Until Tossed’s creators brought chef-inspired salads to New York City in 1998, a fast-casual salad meant iceberg lettuce and a few hard tomato slices prepackaged in a clear plastic box and refrigerated. But at Tossed, salads are made fresh to order, and guests can design their own from a combination of lettuces, dozens of fresh toss-ins, and 15 different dressings.
Tossed existed as a single chef-driven bistro from 1998 until 2004, when Jason Chodash founded Tossed Franchise Corporation to grow the concept beyond its one-store New York operation. For the next three years, Tossed was refined and rebranded, and then began franchising in 2007. It has since grown to five locations operating in the U.S., and units are under development both in the U.S. and the Middle East, says A.T. Toroyan, chief operating and development officer.

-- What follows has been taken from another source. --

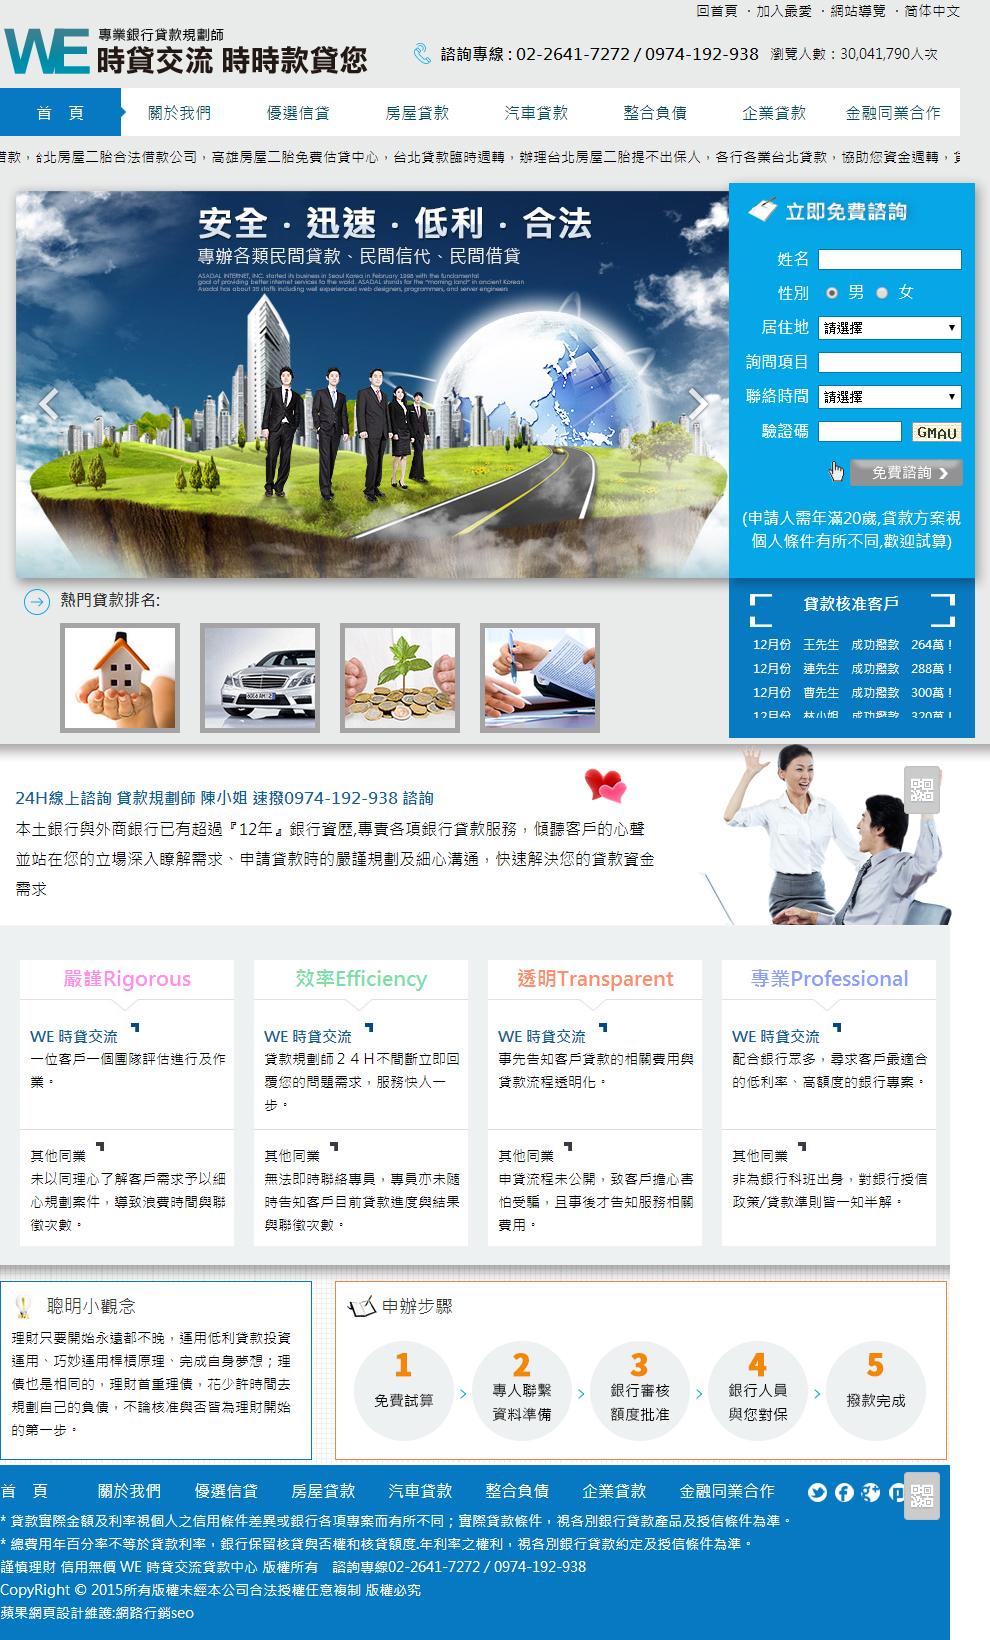 時貸交流貸款網頁設計

Toroyan, who joined the Tossed management team in 2012, says the number of open Tossed restaurants should double by the end of 2015 and double again in 2016.
Going from a single restaurant to franchise-ready took a while because the Tossed team wanted the concept to stay true to its chef-driven roots, while at the same time develop systems that were replicable on a national scale through franchising, Toroyan says.

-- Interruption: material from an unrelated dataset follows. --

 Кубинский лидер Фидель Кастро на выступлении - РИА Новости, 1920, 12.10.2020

“They were shelling their own corn and growing their own sprouts,” he says. “That worked with one unit, but we couldn’t do that with more than one. It’s labor intensive and impossible to implement quality control.”
Today, much of the prep work is done at a commissary and delivered to Tossed kitchens. Proprietary salad dressings are made by outside purveyors according to Tossed recipes and specifications.
Founders: Marc Meisel,
Daren Herzberg, & Adam Cohen
HQ: Fort Lauderdale, Florida
Year Started: 1998
Annual Sales: Undisclosed
Total Units: 5
Franchise Units: 5
“That does not mean a decrease in quality,” Toroyan says. “We want to make sure the guest has the best possible experience and the dressing tastes the same in L.A. and Florida.”
Those Tossed locations are somewhat spread out across the country. The original management team decided to move forward with growth wherever they thought the right franchisee was present, Toroyan says.
He adds that the 2008 recession also delayed Tossed’s expansion, but the brand now has the momentum to move forward with a relatively aggressive growth pattern.
At Tossed, a salad with four toss-ins costs $6.99. Additional toss-ins are 49 cents each for veggies, fruits, and crunchy items like croutons. More substantial add-ins, like chicken, shrimp, cheeses, and nuts, range in price from 99 cents to $3.99.
Guests can also choose a chef-designed salad with classics like Caesar, Cobb, Garden, and Greek salads. More innovative offerings include the Southwest Blackened Chicken and Mango Cranberry.
Salads account for about 55 percent of Tossed sales. The menu also offers wraps, grilled panini sandwiches, artisanal sandwiches, and soups. Popular sandwiches and wraps include the Smoked Turkey and Cheddar and the Pesto Chicken. Sandwiches, made on a choice of breads, include Tuna Salad, which is mixed with apples, dried cranberries, and light mayo and topped with baby arugula and tomatoes. An average ticket at Tossed is between $10 and $11, including beverage.
Tossed has improved its systems to the point where Toroyan says the time that elapses from register to pick-up for a design-your-own salad order can be as short as one minute. “People in that New York–minute mentality can enjoy their lunch more,” he says.
Or, if they are enduring a New York, Boston, or Chicago winter, they don’t have to go outside, since about 20 percent of Tossed sales are from catering.
“This concept works well for catering, because the food travels well and there’s so much variety,” Toroyan says. “People get bored with the same food day after day, but with Tossed, the same customer can have something different delivered every day.”
All Tossed stores, except for mall locations, are open for breakfast, too, serving bowls, muffins, oatmeal, and scrambles.
“We don’t cook greasy breakfasts in our environmentally friendly, green kitchens. We do only healthy eggs,” Toroyan says.
The brand markets the health of its menu options with a calorie counter on its website, but there is a balance of decadent options, too. At the end of the day, it’s important to provide that variety to consumers with different nutritional needs, Toroyan says.
“You can eat a grilled cheese with tomato soup, chips, and a cookie, or you can have a light salad with a protein,” he says. “We’re intelligent, informed people these days. If someone is running a marathon, they don’t need my menu to know what they need. We try to offer something for everyone.”